Overlap of Drug Benefits Suspected

Given the safety of this drug and its highly significant reduction in a composite endpoint used in other major HFrEF trials, the ESC-invited discussant, Carolyn S.P. Lam, MBBS, PhD, National Heart Centre, Singapore, called the outcome "remarkable” and a validation for "the millions of people" who are already taking qiliqiangxin in China and other Asian countries.

Using the DAPA-HF trial as a point of reference, Lam noted that relative reduction in the composite endpoint of cardiovascular death for the SGLT-2 inhibitor dapagliflozin relative to placebo on top of triple guideline-directed medical therapy was lower (17% vs 24%), but there were significant reductions in each of the components, as well as a nonsignificant signal of a mortality benefit.

However, Lam pointed out that there does seem to be more of an overlap for the benefits of qiliqiangxin than dapagliflozin relative to other components of triple therapy based on the lower rate of benefit when patients were optimized on triple therapy.

"The subgroup analysis [of this study] is very important," Lam said. Qiliqiangxin may be best in patients who cannot take one or more of the components of triple therapy, she suggested, even though she called for further studies to test this theory. She also cautioned that the pill burden of four capsules taken three times per day might be onerous for some patients.

Of the many questions still to be answered, Lam noted that the low rate of enrollment for patients (<10%) taking SGLT-2 inhibitors makes the contribution of qiliqiangxin unclear among those receiving the current standard of quadruple guideline-directed medical therapy.

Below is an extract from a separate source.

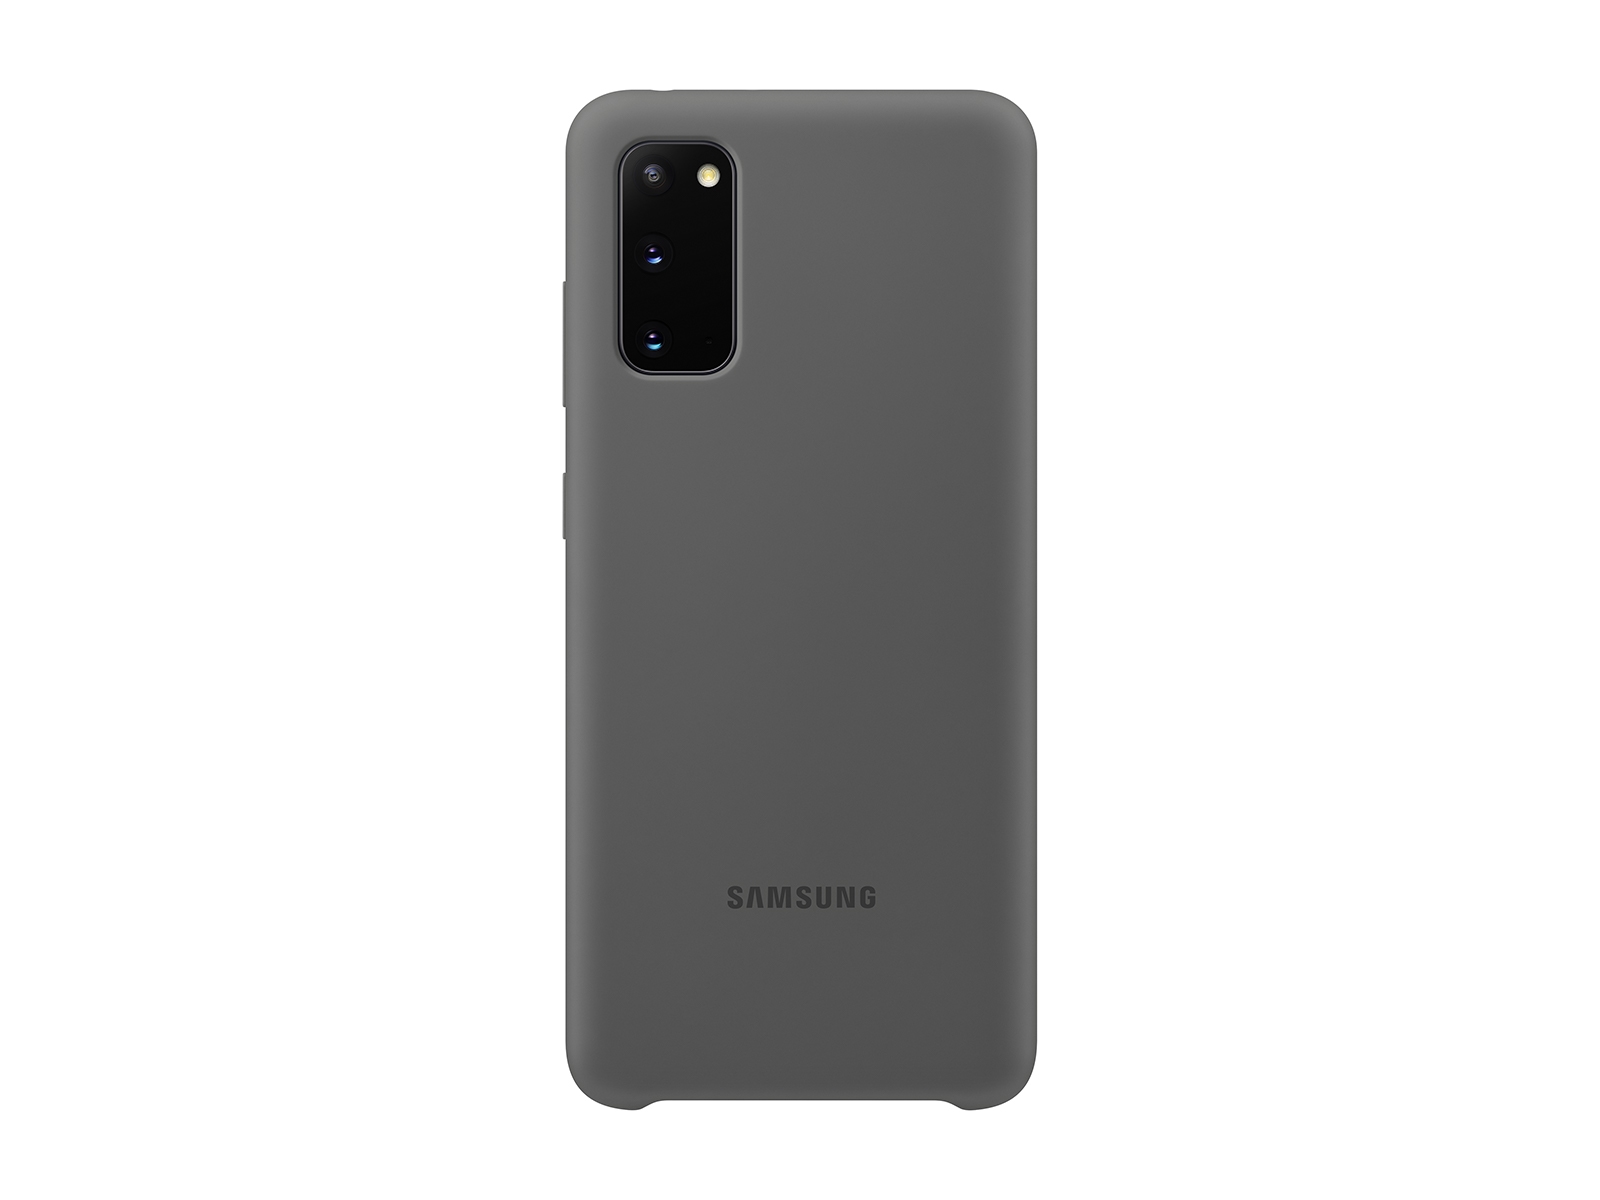 Thumbnail image of Galaxy S20 5G LED Back cover, Gray

She also suggested that it will be important to dissect the relative contribution of the different active ingredients of qiliqiangxin.

"This is not a purified compound that we are used to in western medicine," Lam said. While she praised the study as "scientifically rigorous" and indicated that the results support a clinical benefit from qiliqiangxin, she thinks an exploration of the mechanism or mechanisms of benefit is a next step in understanding where this therapy fits in HFrEF management.

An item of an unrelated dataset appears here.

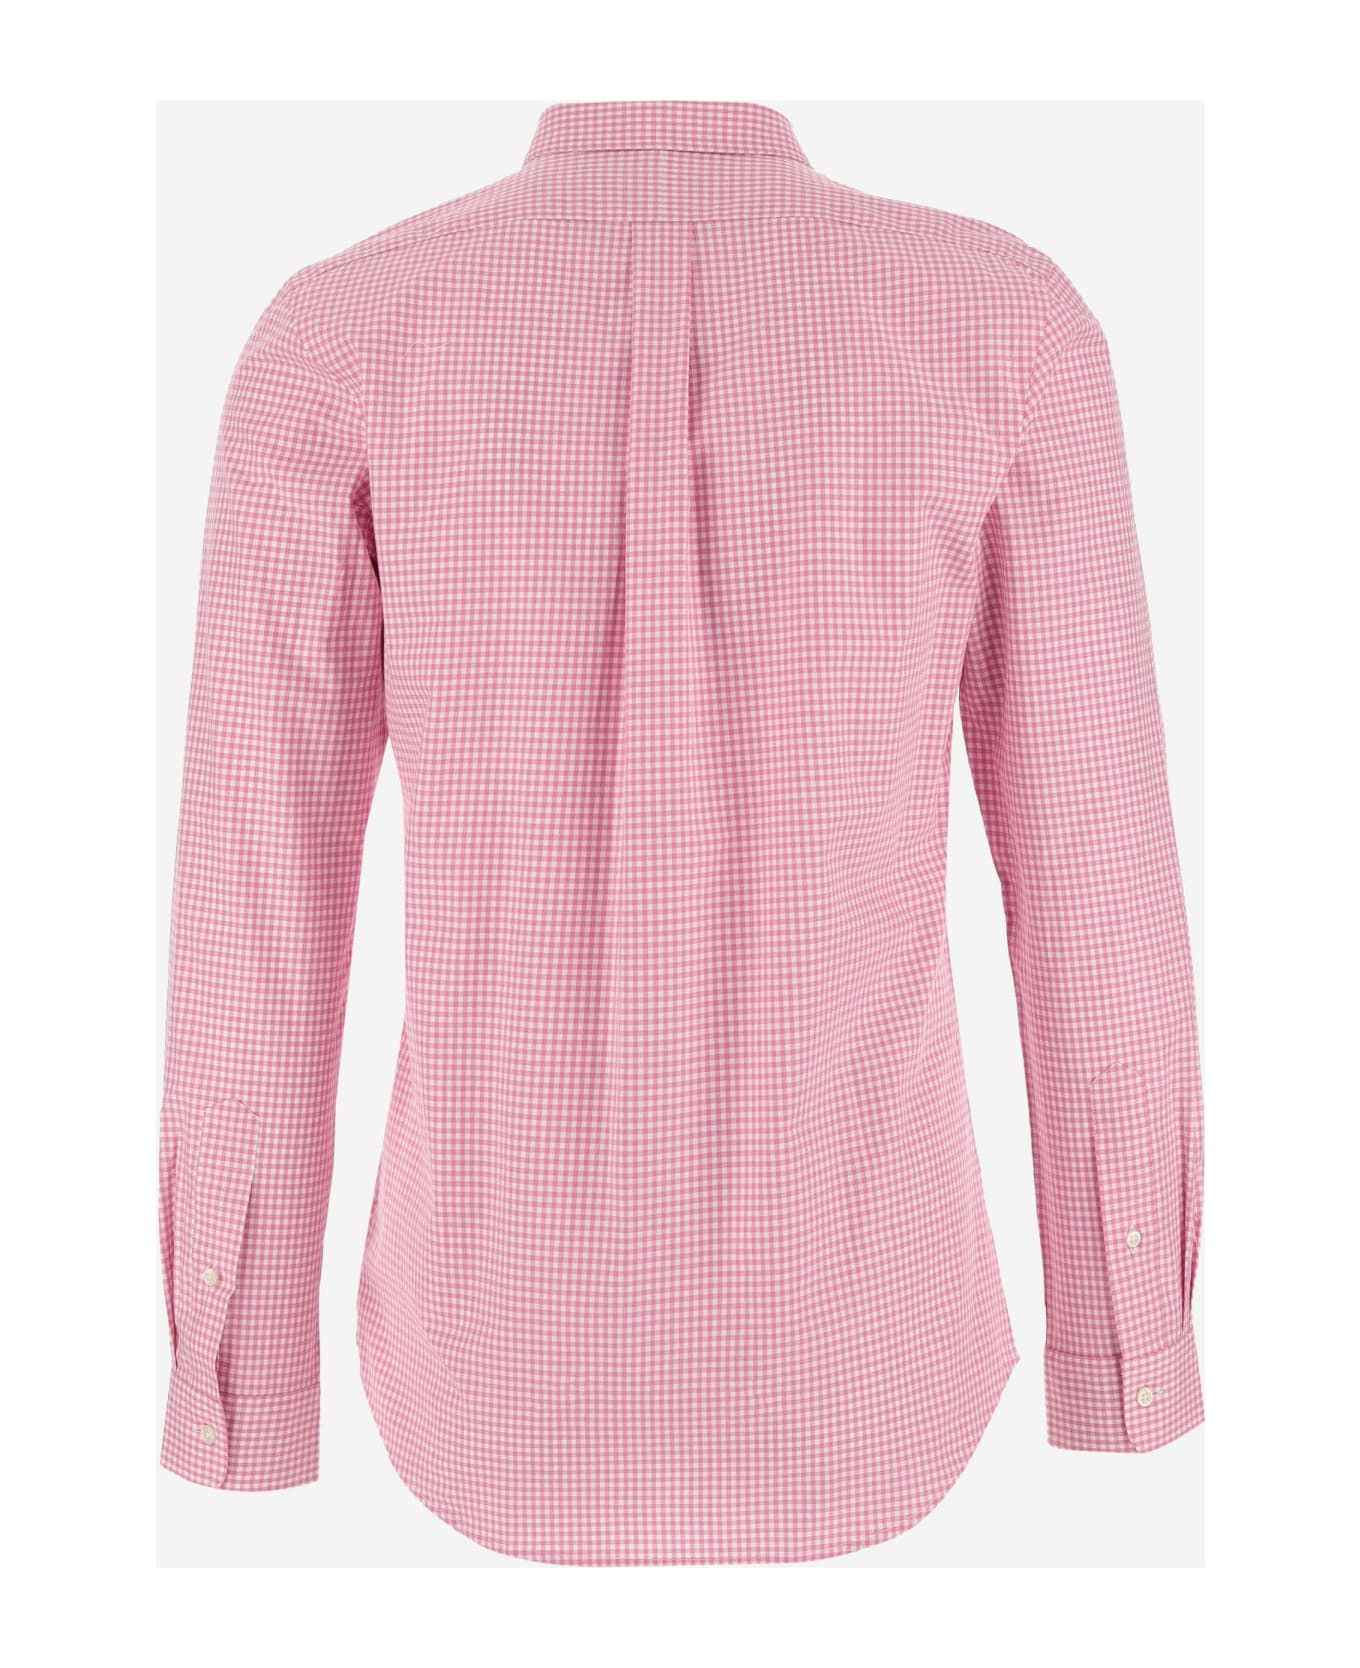 Ralph Lauren Stretch Cotton Shirt With Plaid Pattern - Pink

Li reports financial relationships with AstraZeneca, Bayer, Novartis, Roche, and Yiling. Lam reports financial relationships with more than 25 pharmaceutical or device manufacturers, many of which produce therapies for heart failure, as well as with Medscape/WebMD Global LLC. The study was supported by the Chinese National Key Research and Development Project and Yiling Pharmaceuticals.

European Society of Cardiology (ESC) 2023 Congress. Presented August 26, 2023.